Drop every picture, then print the rest of the listing exactly as given.

→ Available data
· · · ·

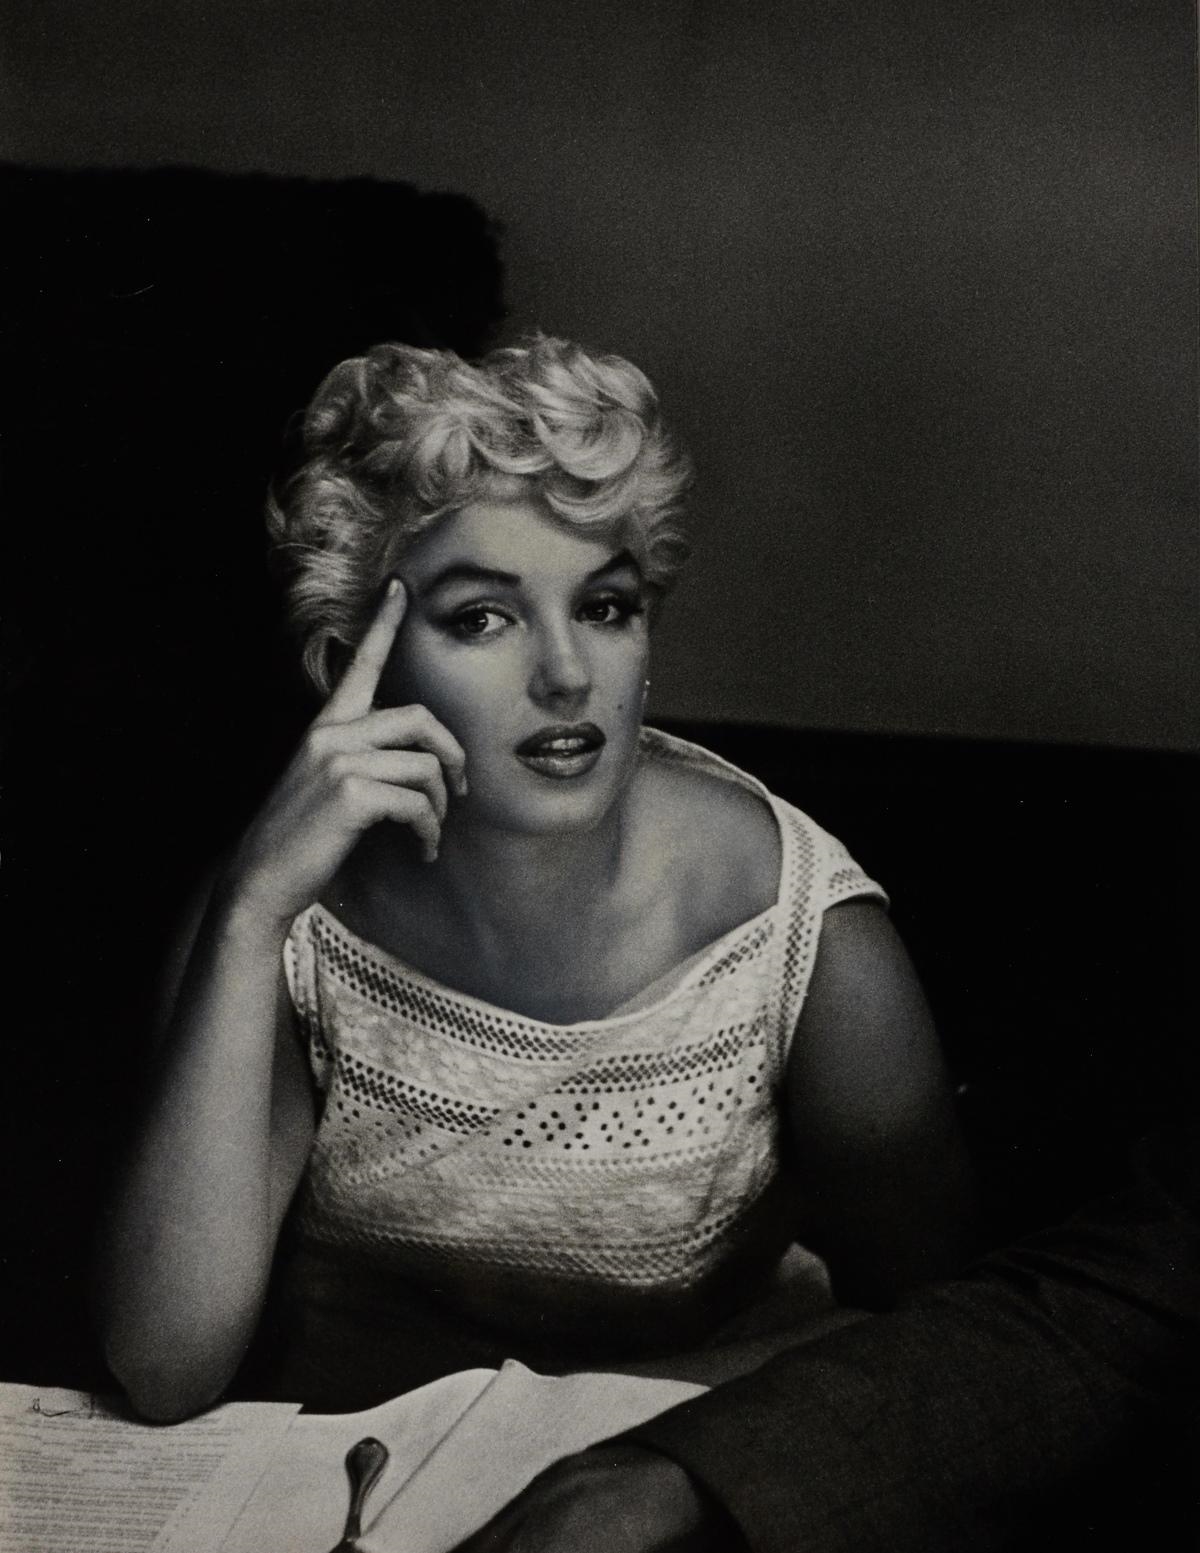 Artwork by Eve Arnold, Marilyn Monroe, Made of Vintage silver print
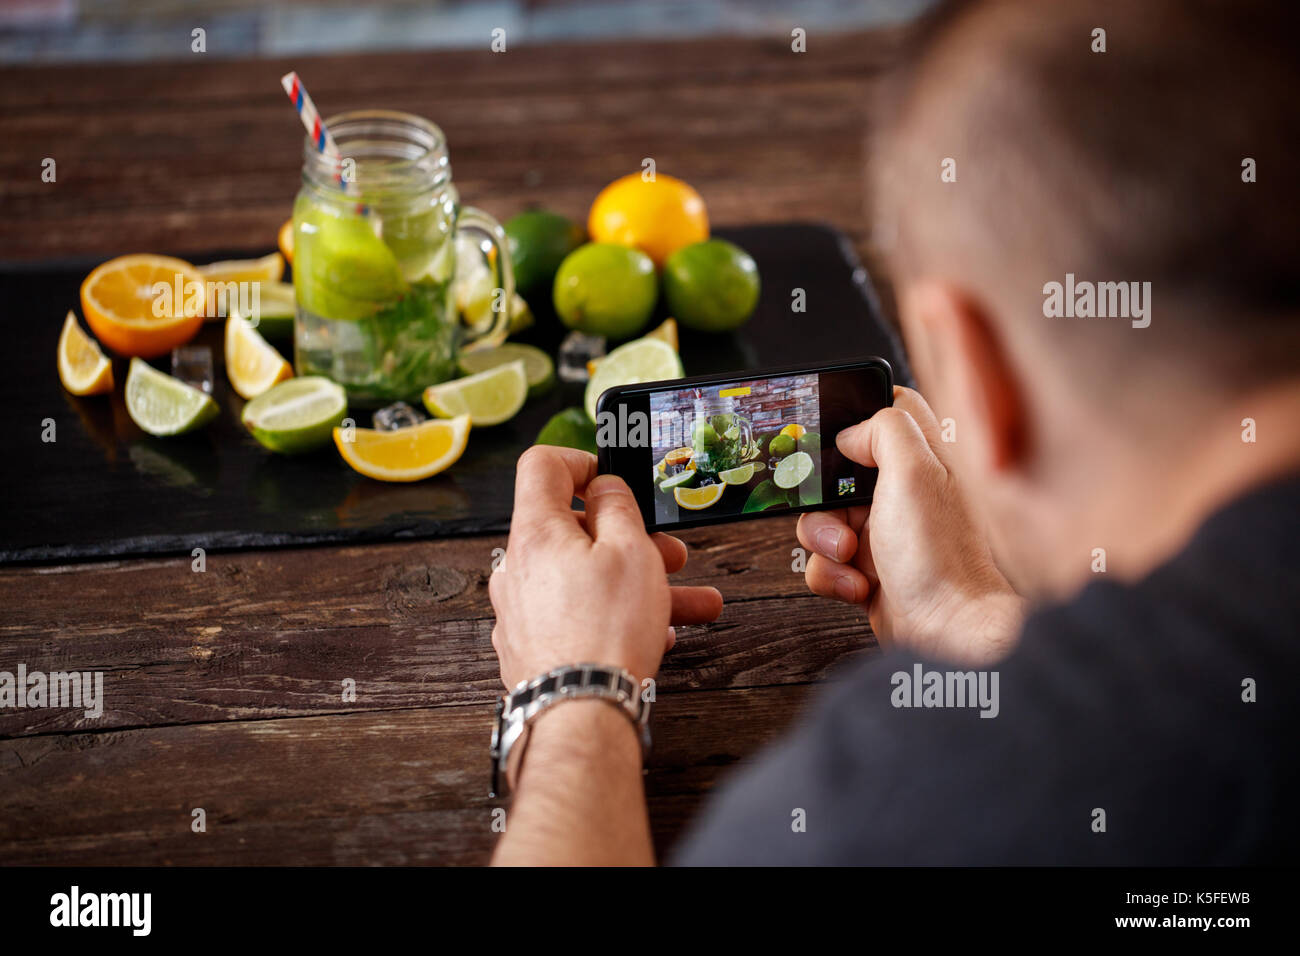 man taking photo on smartphone of mojito drink Stock Photo
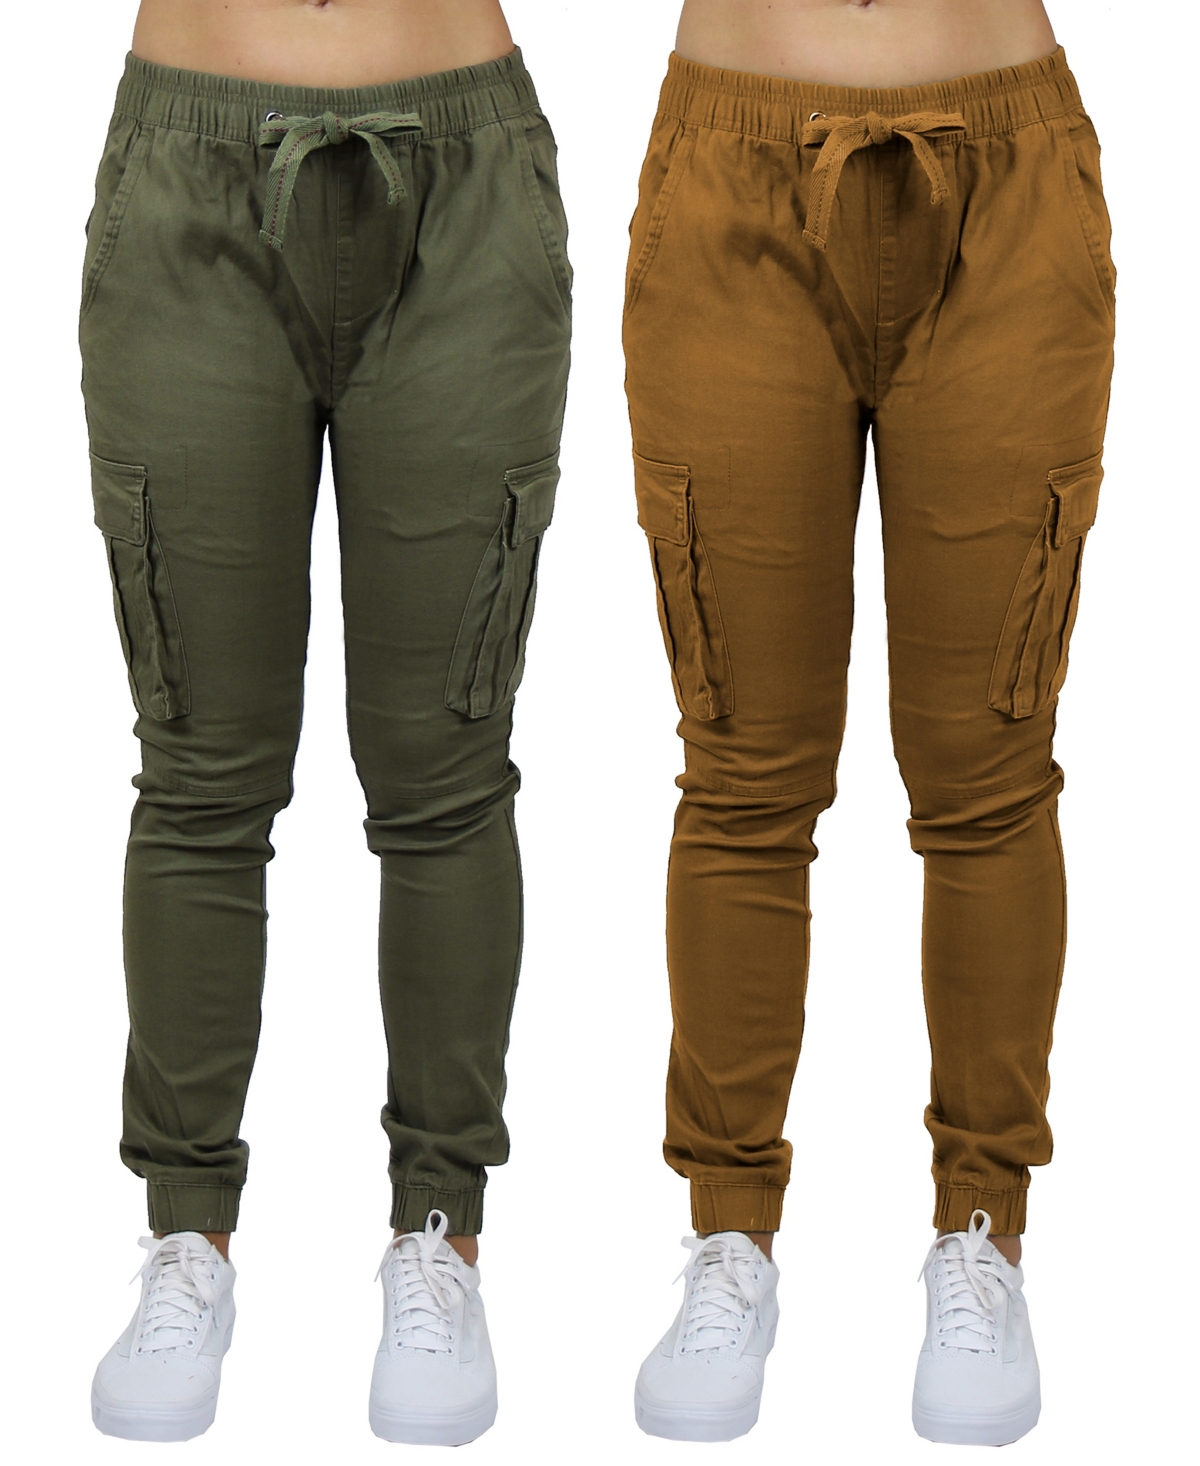 Galaxy By Harvic Women's Loose Fit Cotton Stretch Twill Cargo Joggers Set, 2 Pack In Olive,timber

· · · ·

→ Output
 Artwork by Eve Arnold, Marilyn Monroe, Made of Vintage silver print
 man taking photo on smartphone of mojito drink Stock Photo
 Galaxy By Harvic Women's Loose Fit Cotton Stretch Twill Cargo Joggers Set, 2 Pack In Olive,timber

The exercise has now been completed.